Dijjer and Freenet (RE: [p2p-hackers] clustering)
Serguei Osokine
osokin at osokin.com
Sun Mar 12 22:12:15 UTC 2006
Oskar, thank you for a quick and thorough reply!
> In fact, I haven't even managed to show that the class of
> distributions for which I have a bound - those which are solutions
> to the system implied by equations (2.3) and (2.4) in the text - is
> nonempty. Until this is done the theorem as it stands is interesting,
> but from a strict mathematical viewpoint quite meaningless. (Which is
> why I have held off on publication).
Damn... I knew that I should've spent more time following the
chain of proofs... I thought that you did prove your rewiring method
to converge to the balanced distribution in terms of Theorem 2.2 with
some margin of error due to the dynamic nature of the rewiring, and
that the differences between solid and dotted lines in Figs. 2.4-2.6
were basically the result of this dynamic error, especially since the
solid line on Fig. 2.6 seemed to have the clearly visible simulation
artifacts... :-)
> Also, the log^2 is with constant routing table size, if you scale up
> the routing table with the size of the network, you can roughly divide
> the order by the routing table size (most log n DHTs scale the routing
> table with log n as well).
> ...
> Again, the routing tables grow in Chord. If each node had one "chord"
> link (every log n th node having a chord of the same length), then
> Chord would be roughly log^2 as well.
Ah, great points. So let me get this straight - what you're
saying is that Chord and other similar DHTs (Kademlia, etc) all have
basically the Kleinberg distribution, correct? They have same average
number of shortcuts covering every shortcut length interval with ~2^k
order of magnitude size and ~2^k order of magnitude average shortcut
length, so the probability of having the shortcut with length 2^k -
P(2^k) is inversely proportional to the interval size 2^k, so what we
have is P[2^k] ~ 1/(2^k), or P[x] ~ 1/x.
So the apparent log(N) Chord path length is due only to log(N)
links from every node, and if say, Dijjer would have log(N) links per
node, its path length would also scale as long(N).
Very interesting - if I really got all this correctly. It seems
obvious in retrospect, but I, for one, never thought about it this way.
In fact, I could not fully understand your point before doing some back
of the envelope (well, back of your thesis, actually :-) calculations
while writing this mail. Judging from the previous discussion, I won't
be the only one for whom this chain of reasoning will be a surprise -
thank you for taking time to lay it out in the open!
By the way, as a practical matter, does Dijjer grow its routing
tables with network size? Shouldn't be a problem to scale these tables
as log(N) and have the scalability similar to Chord and other DHTs. If
you do, you might want to mention it somewhere - I'm fairly sure that
I'm not the single person dense enough to miss the link between log(N)
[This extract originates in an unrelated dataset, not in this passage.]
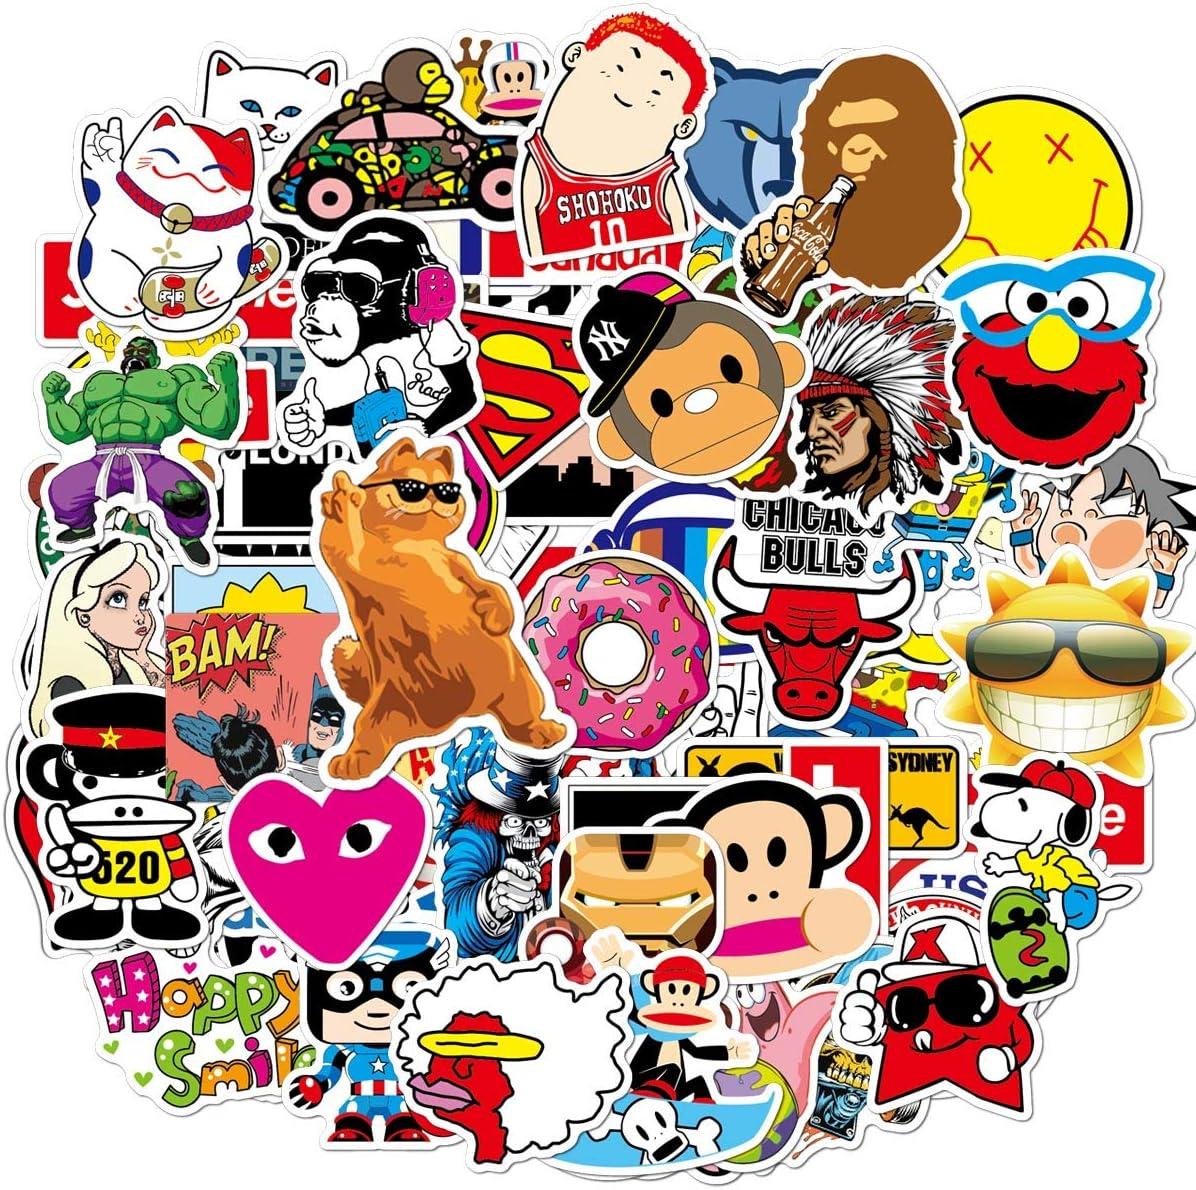 Cute Vsco Vinyl Stickers for Kids Hydroflasks Water Bottles 100 Pcs Aesthetic Trendy Kawaii Stickers Vinyl Wall Decals for Laptop Helmet Car Bumper Luggage Skateboard for Teens Boys Girls Kids

path length and log(N) links per node and to be left with an impression
that Chord scales better than Dijjer as a result.
> It won't matter so much if the routing table is large (remember the
> mathematical model has one long link) though I would recommend that
> Dijjer updated less often.
If the Dijjer routing table indeed has log(N) size and you replace
only one entry in it, doesn't it already mean that you are updating with
the probability of "...order of one over the expected length of the
greedy walks", which length also becomes log(N) in this case? Or your
recommendation is based on some other considerations?
Best wishes -
S.Osokine.
12 Mar 2006.
-----Original Message-----
From: Oskar Sandberg [mailto:ossa at math.chalmers.se]
Sent: Sunday, March 12, 2006 8:18 AM
To: osokin at osokin.com; Peer-to-peer development.
Subject: Re: Dijjer and Freenet (RE: [p2p-hackers] clustering)
Serguei Osokine wrote:
> Ian, Oskar, that was wonderful. I rarely see anything that has
> that much aesthetic value, but the analyitical proof that the graph
> rewiring caused by the random search actions actually makes it a
> small-world graph with log^2(N) path length, was certainly worth the
> one-year wait since last April, which is when Ian has preannounced
> this paper.
It should be noted that the analytic proof in fact does not established
this. I did come up with the proof that appears in the thesis last
April, and I have since (with little success) attempted to generalize it
so it holds for the rewiring algorithm. The problem is that the proof,
like the Kleinberg proofs, assumes that edges are chosen independently
at each point, but in fact using our algorithm they will depend on one
another (in a good way, but that is hard to prove).
In fact, I haven't even managed to show that the class of distributions
for which I have a bound - those which are solutions to the system
implied by equations (2.3) and (2.4) in the text - is nonempty. Until
this is done the theorem as it stands is interesting, but from a strict
mathematical viewpoint quite meaningless. (Which is why I have held off
on publication).
<>
> 1. What is the difference between Freenet[1] and Sandberg/Dijjer[2]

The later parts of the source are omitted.